In this disclosure, “at least one” means one or more, and “a plurality of” means two or more. The term “and/or” describes an association relationship between associated objects, and indicates that three relationships may exist. For example, A and/or B may indicate the following cases: Only A exists, both A and B exist, and only B exists, where A and B may be singular or plural. The character “/” generally indicates an “or” relationship between the associated objects. “At least one of the following items (pieces)” or a similar expression thereof means any combination of these items, including any combination of singular item (piece) or plural items (pieces). For example, at least one item (piece) of a, b, or c may indicate: a, b, c, a and b, a and c, b and c, or a, b, and c, where a, b, and c may be singular or plural.

In recent years, data security has attracted great attention from countries around the world.
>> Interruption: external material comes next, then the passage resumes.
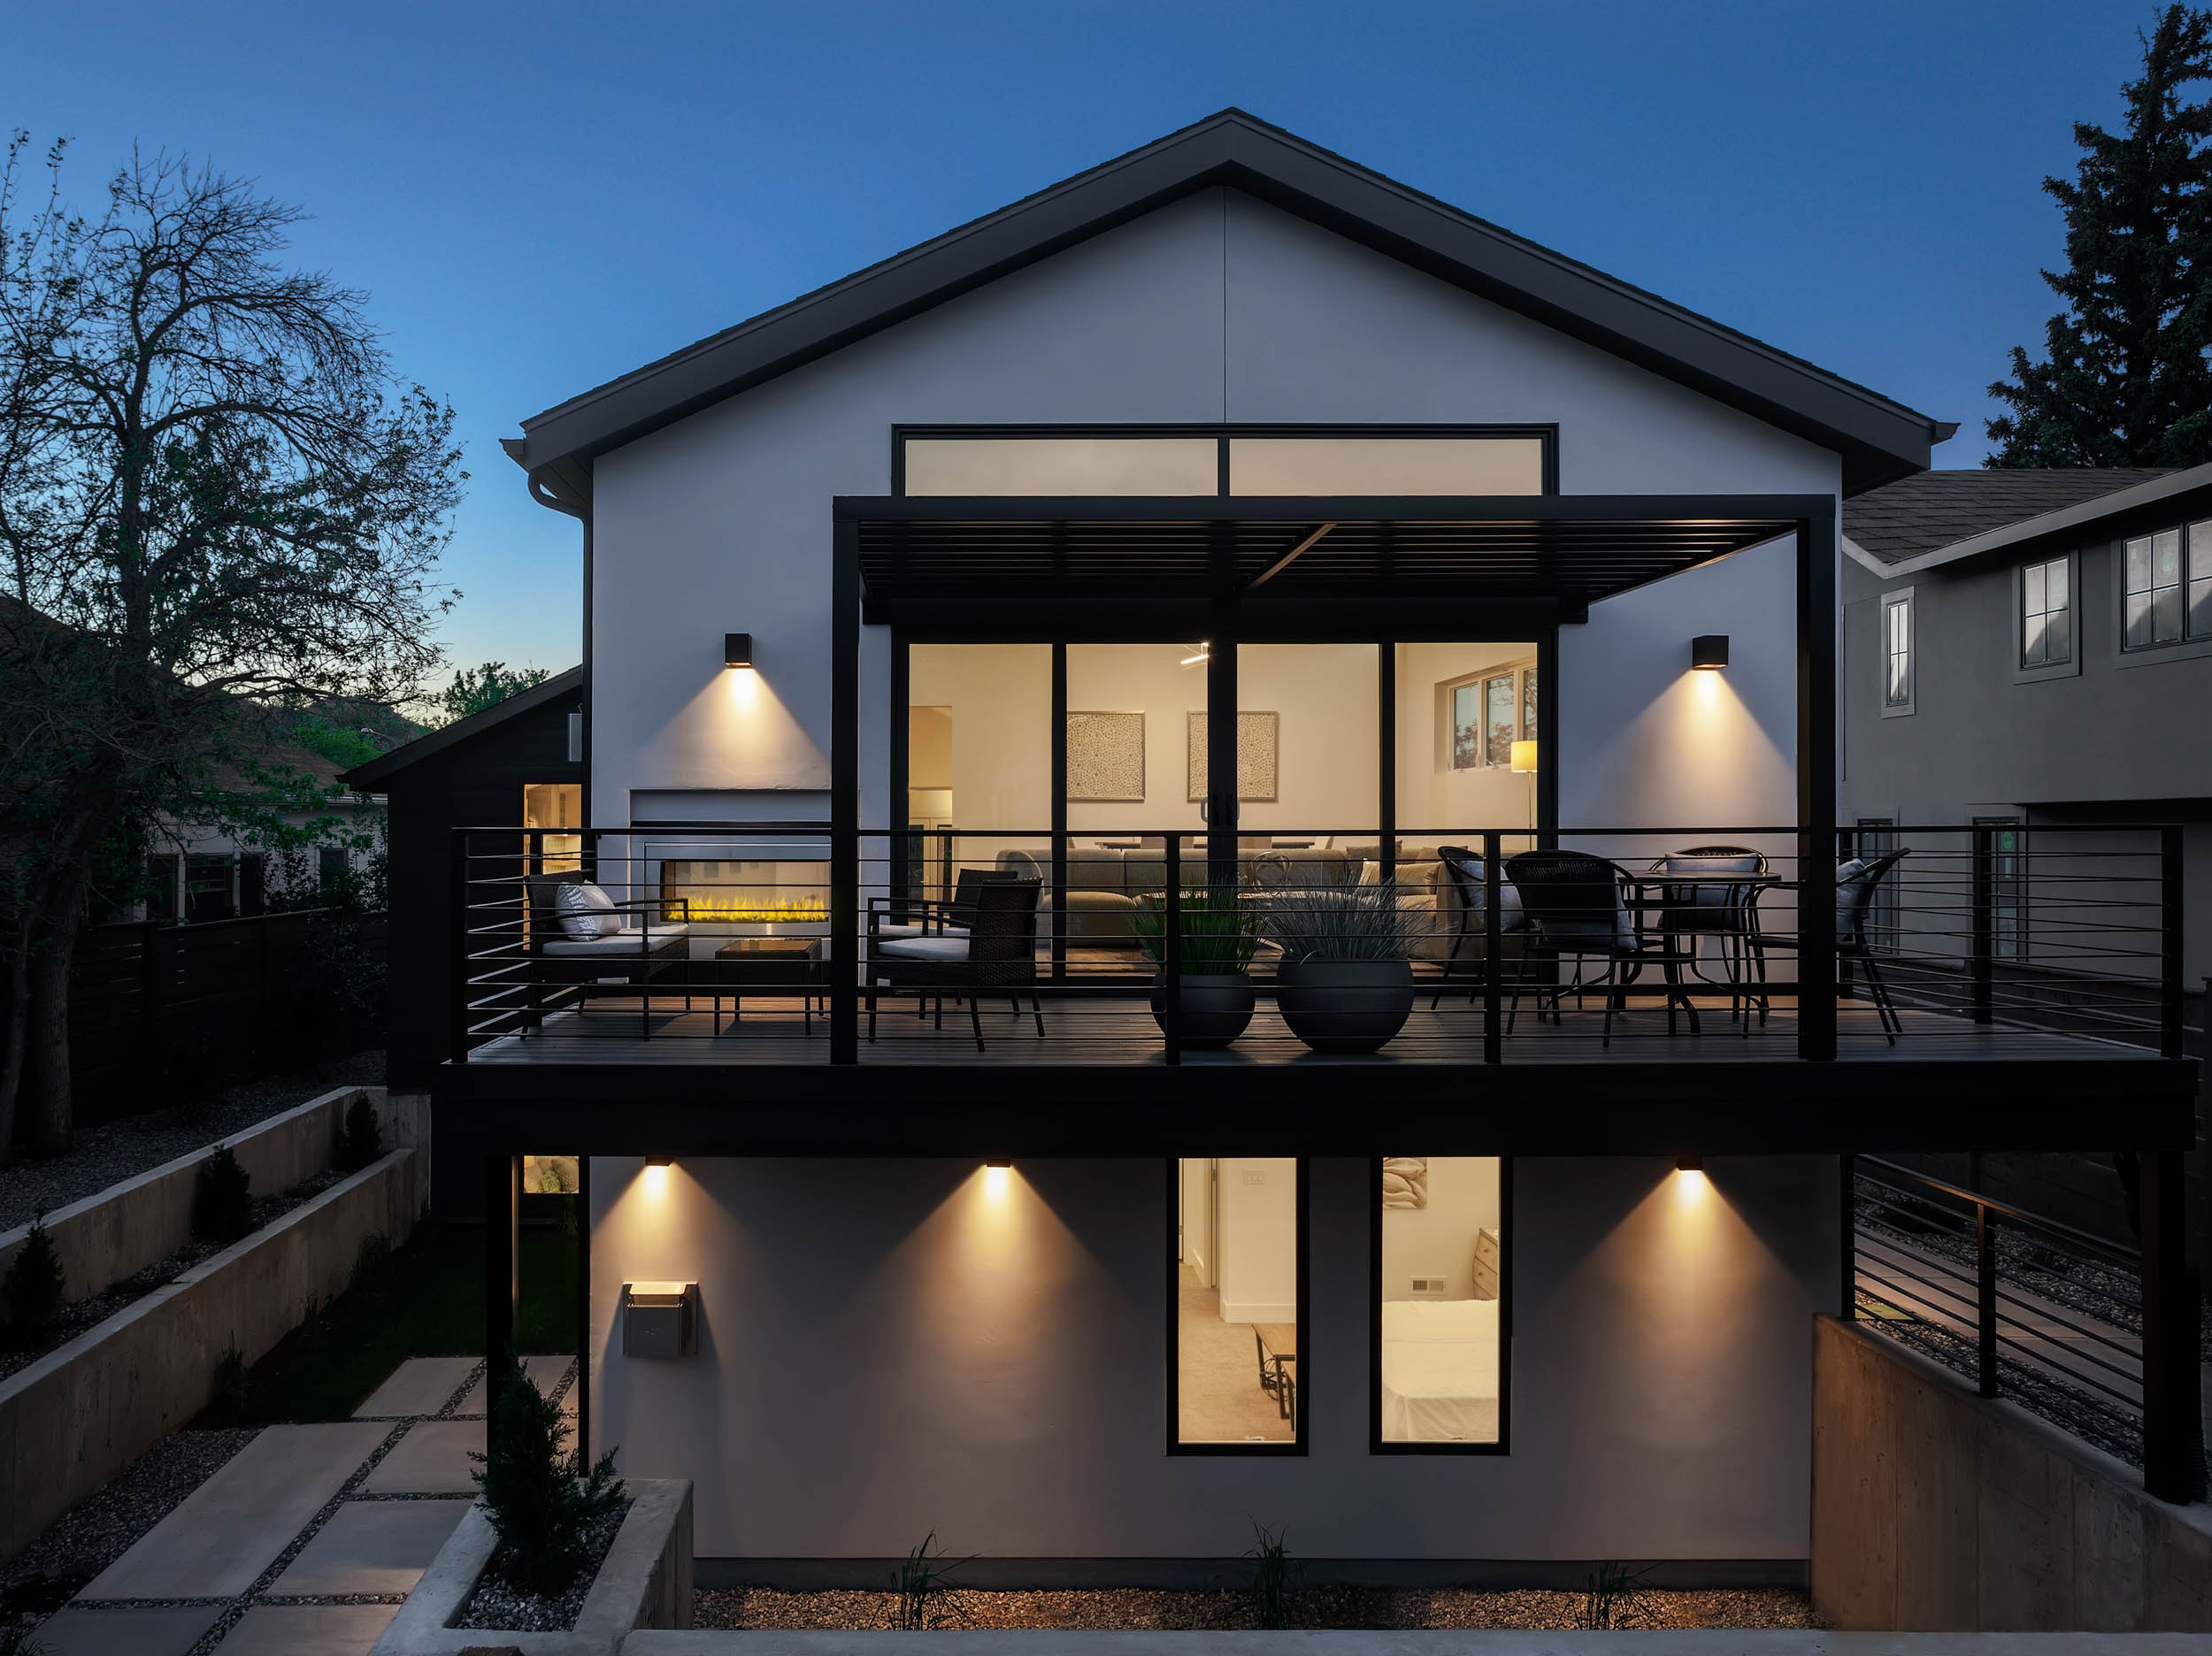 Architect: Kristin Reisinger @ SpaceCraft Architecture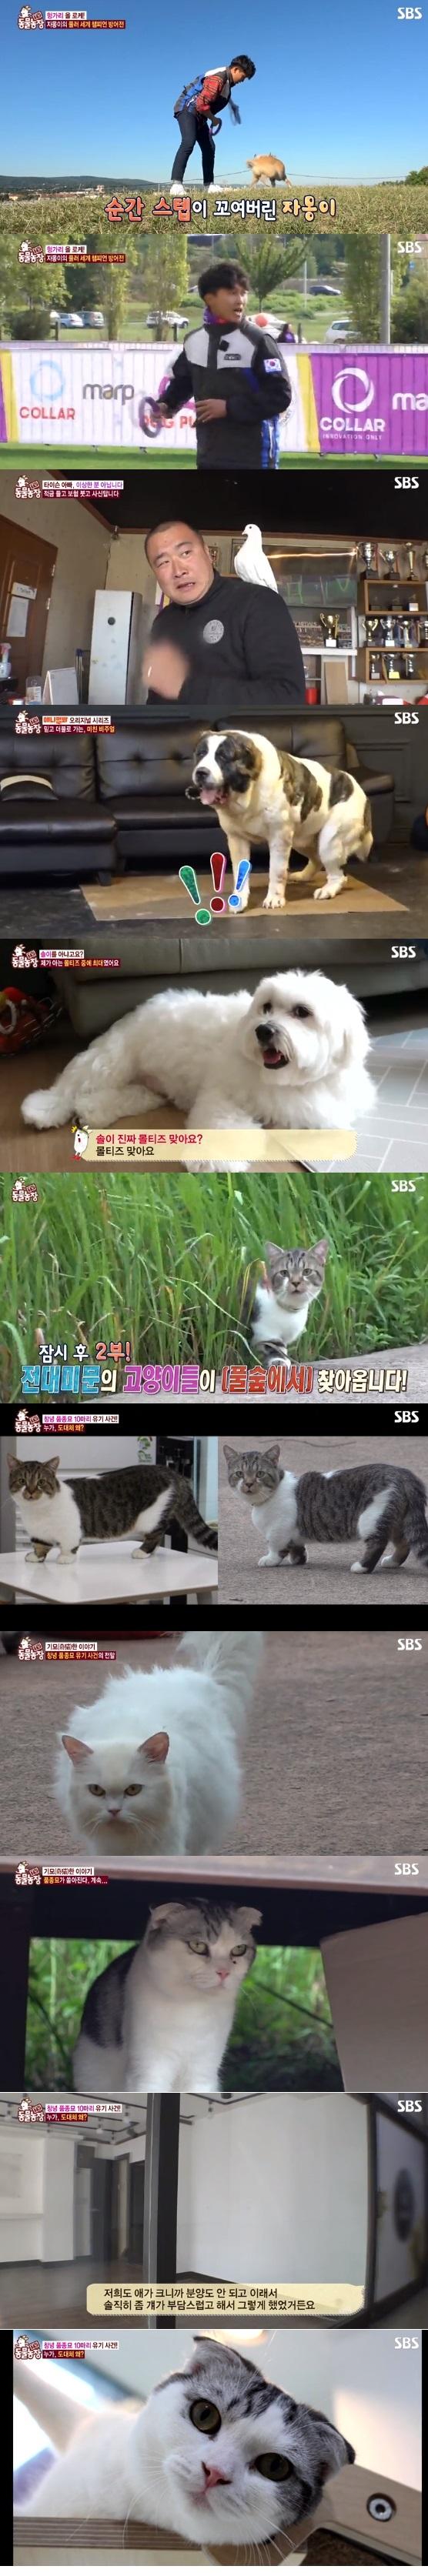 SBS 'TV동물농장' 캡처

Each country has issued data security-related regulations and standards to regulate collection and processing of user data by enterprises. As an increasing quantity of enterprise services are migrated to a “cloud”, massive data of the enterprises faces many threats and challenges, for example, data theft, tampering, and forgery, in a cloud computing scenario due to diversity and complexity of an application environment of the data.

During actual service application of the enterprises, a part of target data (for example, sensitive data related to user privacy and the like) in the massive data is scattered in different locations of a system due to transmission and movement. After the data security protection regulations are released, how to help the enterprises quickly identify the target data in complex service environments and better process and protect the target data becomes a great challenge currently faced.